American philosopher and historian

Hans Kohn (September 15, 1891 – March 16, 1971) was an American philosopher and historian. He pioneered the academic study of nationalism, and is considered an authority on the subject.

==Life==
Kohn was born into a German-speaking Jewish family in Prague, Bohemia, then part of the Austro-Hungarian Empire. After graduating from a local German Gymnasium (high school) in 1909, he studied philosophy, political science and law at the German part of Charles-Ferdinand University in Prague.

Shortly after graduation, in late 1914 Kohn was called into the infantry of the Austro-Hungarian Army. Following training he was sent to the Eastern Front in the Carpathian Mountains, facing the Imperial Russian Army. He was captured in 1915 and taken by the Russians to a prison camp in Central Asia (in present-day Turkmenistan). During the civil war following the Bolshevik revolution, the pro-western Czechoslovak Legions came into Central Asia and he was set free. With them he traveled further east (called by Czechs the "Siberian Anabasis"), until stopping at Irkutsk. The political situation then allowed him to return to Europe, arriving in 1920.

Kohn then lived in Paris, where he married Jetty Wahl in 1921.

The couple moved to London, where Kohn worked for Zionist organizations and wrote articles for newspapers. He moved to Palestine in 1925. From there he would frequently visit the United States. His writings began to generate books, where he discussed current geopolitics and nationalism.
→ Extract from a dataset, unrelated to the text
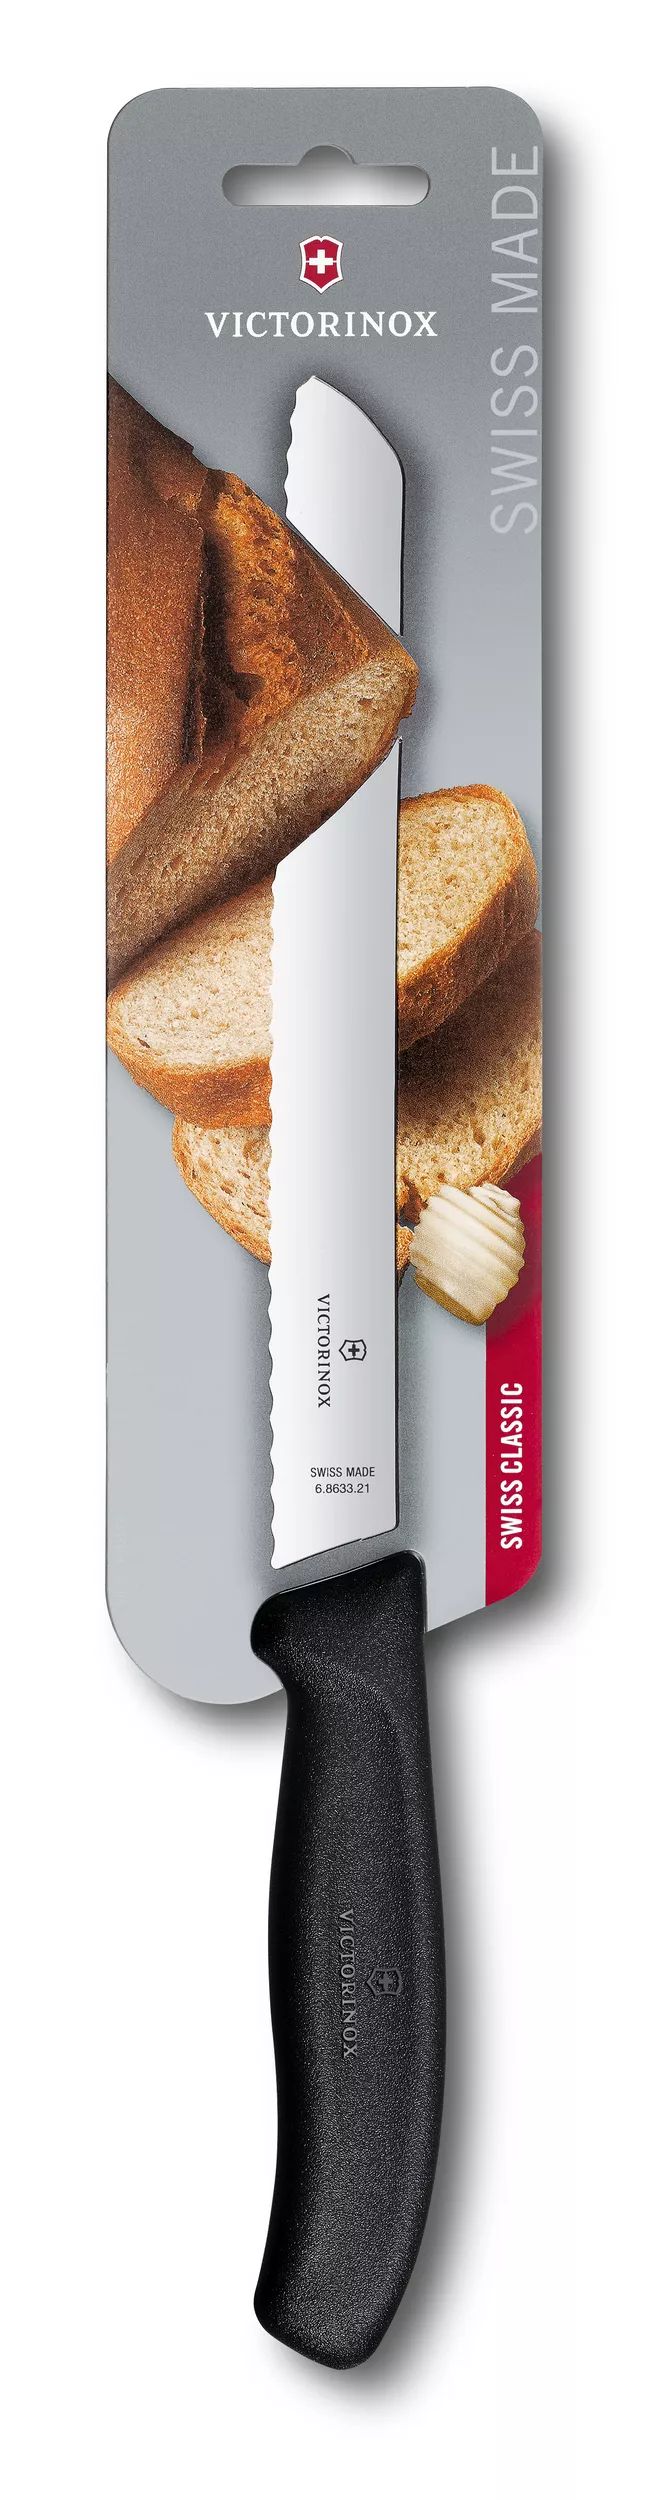 Swiss Classic Bread Knife - 6.8633.21B

In 1929, he wrote a resignation letter from Keren HaYesod titled "Judaism is Not Zionism". Following the Hebron massacre three months prior, he wrote a following letter:

“I feel that I can no longer remain a leading official within the Zionist Organisation… We pretend to be innocent victims. Of course the Arabs attacked us in August [1929]. Since they have no armies, they could not obey the rules of war. They perpetrated all the barbaric acts that are characteristic of a colonial revolt. But we are obliged to look into the deeper cause of this revolt. We have been in Palestine for twelve years [since the start of the British occupation] without having even once made a serious attempt at seeking through negotiations the consent of the indigenous people. We have been relying exclusively upon Great Britain’s military might. We have set ourselves goals which by their very nature had to lead to conflict with Arabs… for twelve years we pretended that the Arabs did not exist and were glad when we were not reminded of their existence.”

Eventually the couple immigrated to America in 1934. They had one son, Immanuel Kohn.

Kohn was a prominent leader of Brit Shalom, which promoted a binational solution for promoting the co-existence of Jews and Arabs in the Mandatory Palestine.

==Career==
Kohn taught modern history at Smith College in Northampton, Massachusetts. From 1948 to 1961, he taught at City College of New York. He also taught at the New School for Social Research, Harvard Summer School.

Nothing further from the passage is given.